I suspect that many non-binary people are experiencing the same thing as GC women, in that they don't "feel" they have a gender identity/identify strongly with gender stereotypes.
But instead of extrapolating that as a common experience shared by the majority of people who are not trans (or everyone) they are working within the mental framework they have been taught by their friends/stonewalled schools/social media. That everyone has a gender identity so if they don't experience one then they must have an extra special hard to feel one like non-binary.
It's interesting that it a (mis) understanding or reinterpretation of how other people experience the world that could define someone rather than their own lived experience (of say being gender non conforming) that impacts how they perceive themselves.

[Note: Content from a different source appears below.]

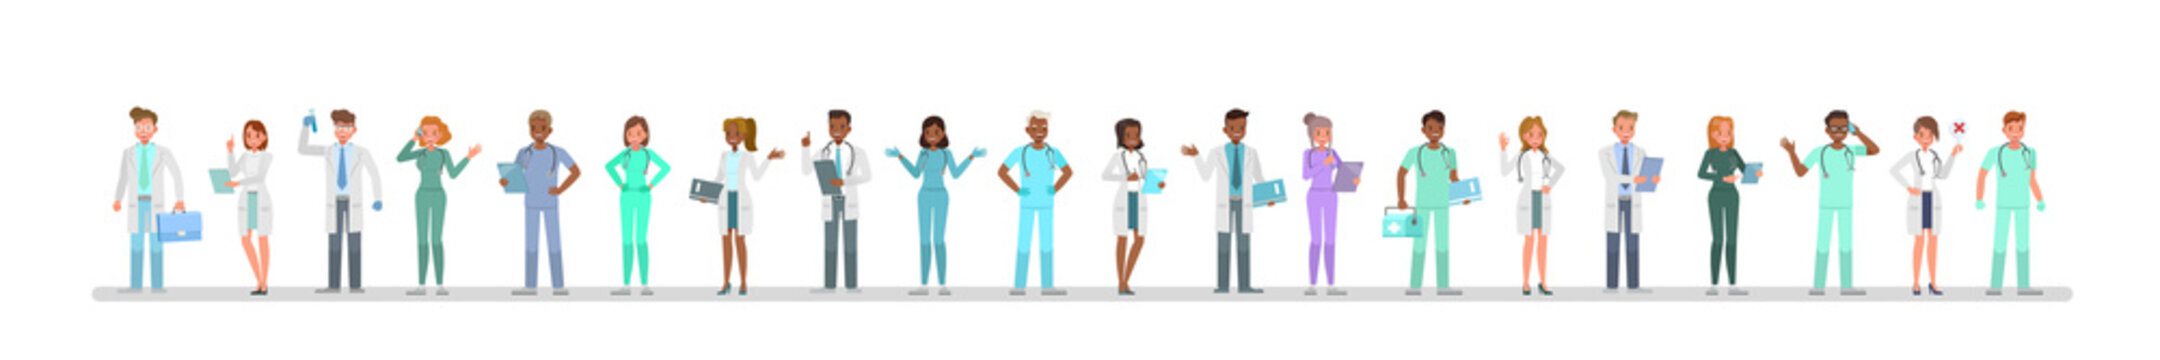 Group of doctors different poses character vector design. Presentation in various action with emotions.

I am finding the religious and philosophical arguments interesting to read.
The discussion about love has made me think about something I have always found interesting which is that when looking at the behaviour of animals, especially mammals the idea of interpreting them as having emotions and intelligence has often been seen as anthropomorphic/unscientific/naive.
That we ought to start from the assumption that they do not and prove each aspect such as having the same hormones etc as humans. As if animals are a completely separate thing from humans. And nature documentaries describe animals as doing things as survival/reproduction machines that react to sensory input. Like that is why the animal is doing something, rather than because they love their young but what else would the mechanism be? How else did we develop it?

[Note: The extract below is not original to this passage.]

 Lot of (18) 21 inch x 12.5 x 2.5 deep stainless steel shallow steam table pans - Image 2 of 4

We are animals too, and if you set aside idea of us being apart from the animal kingdom a la God/s then surely it shouldn't be a surprise to us that mammals at least have emotional individual experiences of the world. As indeed science continues to discover things like animals having cultures and complex social relationships.
Sorry, rambling now, but the discussion on how we experience the "outside" world and rationalise things based upon our limited sensory inputs reminded me of how we see animals from the outside rather than assume some degree of commonality with our internal experiences.